Prometheus Alerting Rules That Don't Wake You Up for Nothing
The Dashboard Doesn't Lie, But Your Alerts Can Mislead
At 2:47 AM, your phone buzzes. CPU at 85%. You drag yourself to the laptop, check Grafana, and discover it was a 30-second deployment spike that resolved itself. You go back to bed. This happens three times a week.
This is alert fatigue, and it's the number one reason on-call engineers burn out. The fix isn't fewer alerts — it's better alerts. Let me show you the patterns that actually work.

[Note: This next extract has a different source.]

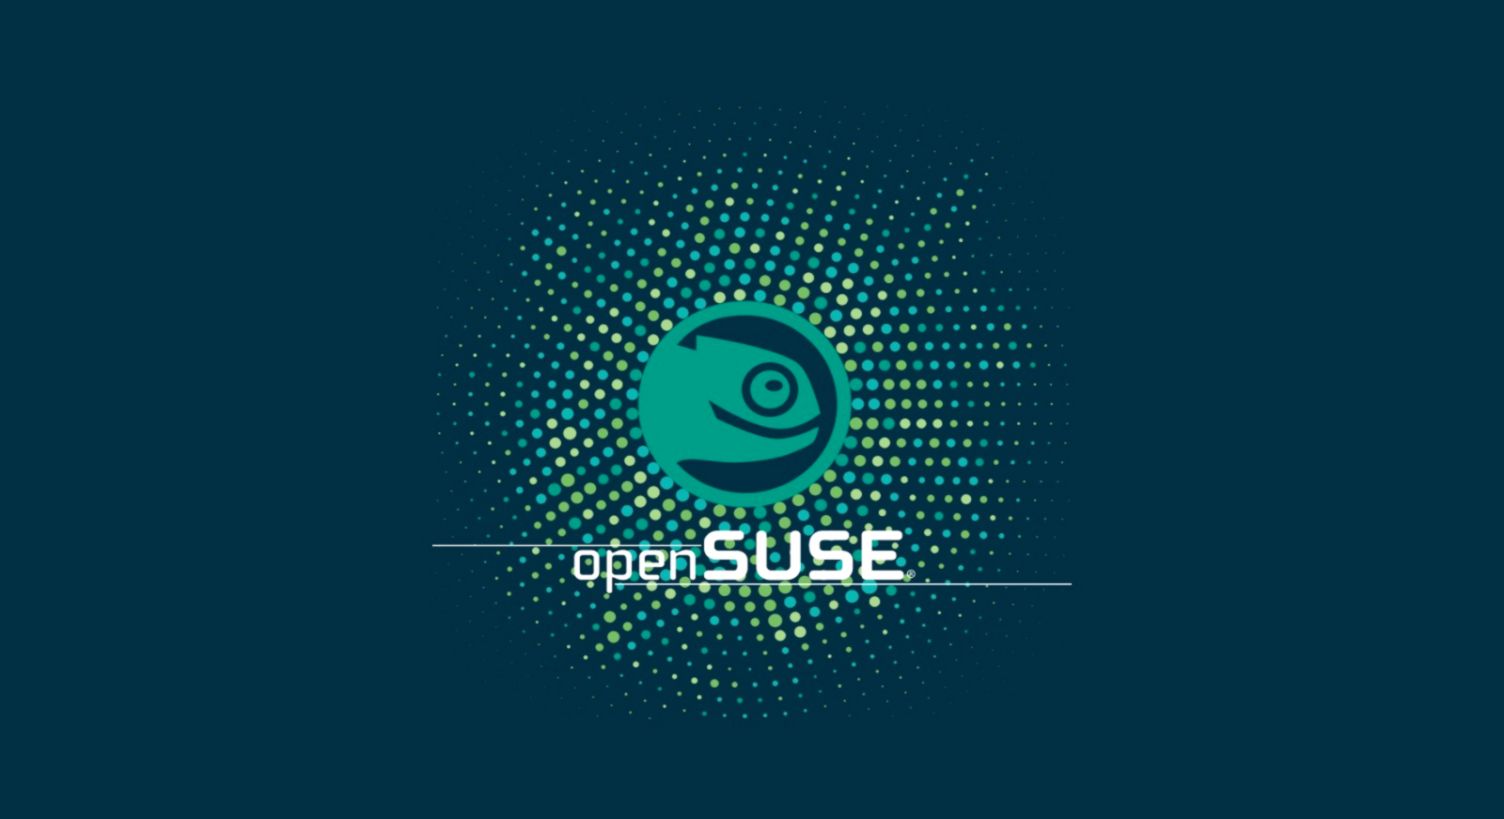 Open Suse Wallpaper List

The Golden Rule: Alert on Symptoms, Not Causes
# BAD: Alerting on a cause
- alert: HighCPU
expr: node_cpu_seconds_total{mode="idle"} < 0.15
for: 5m
labels:
severity: warning
annotations:
summary: "High CPU on {{ $labels.instance }}"
High CPU is a cause. Users don't care about your CPU. They care about whether the service works.
# GOOD: Alerting on a symptom
- alert: HighLatency
expr: |
histogram_quantile(0.99,
rate(http_request_duration_seconds_bucket[5m])
) > 1.0
for: 5m
labels:
severity: critical
annotations:
summary: "p99 latency above 1s for {{ $labels.service }}"
runbook: "https://wiki.internal/runbooks/high-latency"
p99 latency above 1 second means users are experiencing slow responses. THAT is worth waking someone up for.
SLO-Based Alerting
The most reliable alerting pattern I've used ties directly to your SLOs.
Define Your SLOs
# Service: API Gateway
# SLO: 99.9% of requests complete successfully within 500ms
# Error budget: 0.1% = ~43 minutes of downtime per month
Burn Rate Alerts
Instead of alerting when something crosses a static threshold, alert when you're burning through your error budget too fast.
# Fast burn: will exhaust error budget in 1 hour
- alert: ErrorBudgetFastBurn
expr: |
(
sum(rate(http_requests_total{code=~"5.."}[5m]))
/
sum(rate(http_requests_total[5m]))
) > 14.4 * 0.001
for: 2m
labels:
severity: critical
team: platform
annotations:
summary: "Error budget burning 14.4x faster than allowed"
description: "At this rate, monthly error budget exhausts in ~1 hour"
runbook: "https://wiki.internal/runbooks/error-budget-burn"
# Slow burn: will exhaust error budget in 3 days
- alert: ErrorBudgetSlowBurn
expr: |
(
sum(rate(http_requests_total{code=~"5.."}[1h]))
/
sum(rate(http_requests_total[1h]))
) > 3 * 0.001
for: 15m
labels:
severity: warning
team: platform
annotations:
summary: "Error budget burning 3x faster than allowed"
description: "At this rate, monthly error budget exhausts in ~3 days"
Fast burn (14.4x) = page immediately, something is very wrong. Slow burn (3x) = warn during business hours, investigate before it becomes critical.
Essential Alert Patterns
Application Health
groups:
- name: application
rules:
# Service is down
- alert: ServiceDown
expr: up{job="api"} == 0
for: 1m
labels:
severity: critical
annotations:
summary: "{{ $labels.instance }} is down"
# Error rate spike
- alert: HighErrorRate
expr: |
sum(rate(http_requests_total{code=~"5.."}[5m])) by (service)
/
sum(rate(http_requests_total[5m])) by (service)
> 0.05
for: 5m
labels:
severity: critical
annotations:
summary: "5xx error rate above 5% for {{ $labels.service }}"
# Request rate drop (potential outage indicator)
- alert: TrafficDrop
expr: |
sum(rate(http_requests_total[5m])) by (service)
<
sum(rate(http_requests_total[5m] offset 1h)) by (service) * 0.5
for: 10m
labels:
severity: warning
annotations:
summary: "Traffic dropped 50%+ for {{ $labels.service }}"
Infrastructure
# Disk filling up (predictive)
- alert: DiskWillFill
expr: |
predict_linear(
node_filesystem_avail_bytes{mountpoint="/"}[6h],
24 * 3600
) < 0
for: 30m
labels:
severity: warning
annotations:
summary: "Disk on {{ $labels.instance }} will fill within 24h"
# Memory pressure
- alert: HighMemoryPressure
expr: |
(1 - node_memory_MemAvailable_bytes / node_memory_MemTotal_bytes) > 0.9
for: 15m
labels:
severity: warning
annotations:
summary: "Memory usage above 90% on {{ $labels.instance }}"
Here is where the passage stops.